People will invest in the companies that they want to invest. And so bringing them high quality access, but for a lot of companies is part of that.
And the way that we kind of make sure that the quality is high is by co-investing with great funds that are bringing their own alpha to the market in terms of the deal flow access that they have and the diligence that they put. I also run an AI fund within Gainjools, and so a more traditional kind of VC approach, while maintaining some of the elements of the Gainjools network, meaning we still don't lead rounds, we're still a kind of a co-investor alongside others and therefore benefit from, you know, that additional social proof and diligence.
We do a lot more direct diligence and directional betting for that fund than with the syndication process. And there, you know, my North Star, you know, I'm actually working on this fund with a former colleague of mine from the PowerSat days, who most recently was leading AI development at Adobe.
My North Star there is on top of the kind of three pillars that I mentioned earlier, is really looking at, you know, companies that can have a generational category defining kind of opportunity there. Sort of just trying to stay as much as possible away from things that feel like jumping on the bandwagon and kind of me too things.
And really from first principles, kind of things where that team is uniquely motivated and positioned to make an impact on something that has an opportunity to start from a small market and expand into or
create a much larger market down the road. The thesis is around those three buckets.
We saw last week Trump with SoftBank and with Sam Altman, who I know you have a relationship with, announces $500 billion investment into AI in the US. What are the repercussions of that investment? How do you think that will affect the AI space? Clearly, Sam and others who are really close, and I'm thinking about Dario Moday and others who are really close to the economics and the dynamics of scaling out, not only the services that they are already providing to the world, but the services that they know they are going to provide to the world.
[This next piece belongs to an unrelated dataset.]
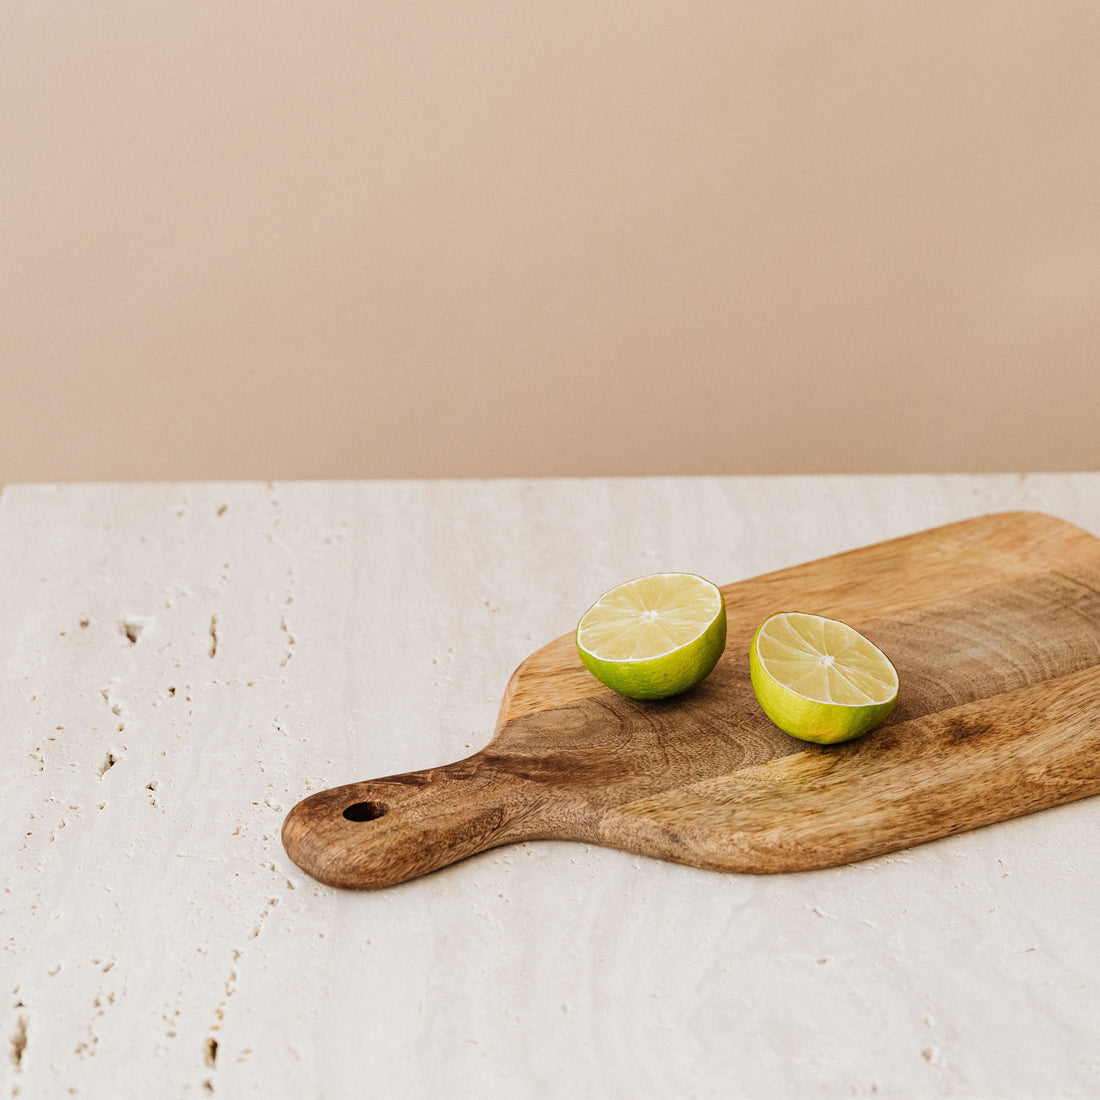 What Type of Oils are Safe to Use on Your Cutting Board

They understand the requirements from a power compute perspective better than anybody else. And while I think, you know, to anyone looking from the outside, investing anything, investing $500 billion into anything seems like a gargantuan amount of money.
I can't look at this as anything but a good thing, especially for the United States. I think it's an opportunity to kind of create a lot of innovation and a lot of scalability and a lot of resources within the US.
In a similar way to say, if you had looked at, you know, the last century oil production and be like, if oil, if compute is the new oil, then you want to onshore as much of that as you possibly can.
Well, Lorenzo, we first met in 2012 in San Francisco.
We've sat on ICs together.
It's great to have you on.
David, it was such a pleasure.
Thank you for a really fun conversation.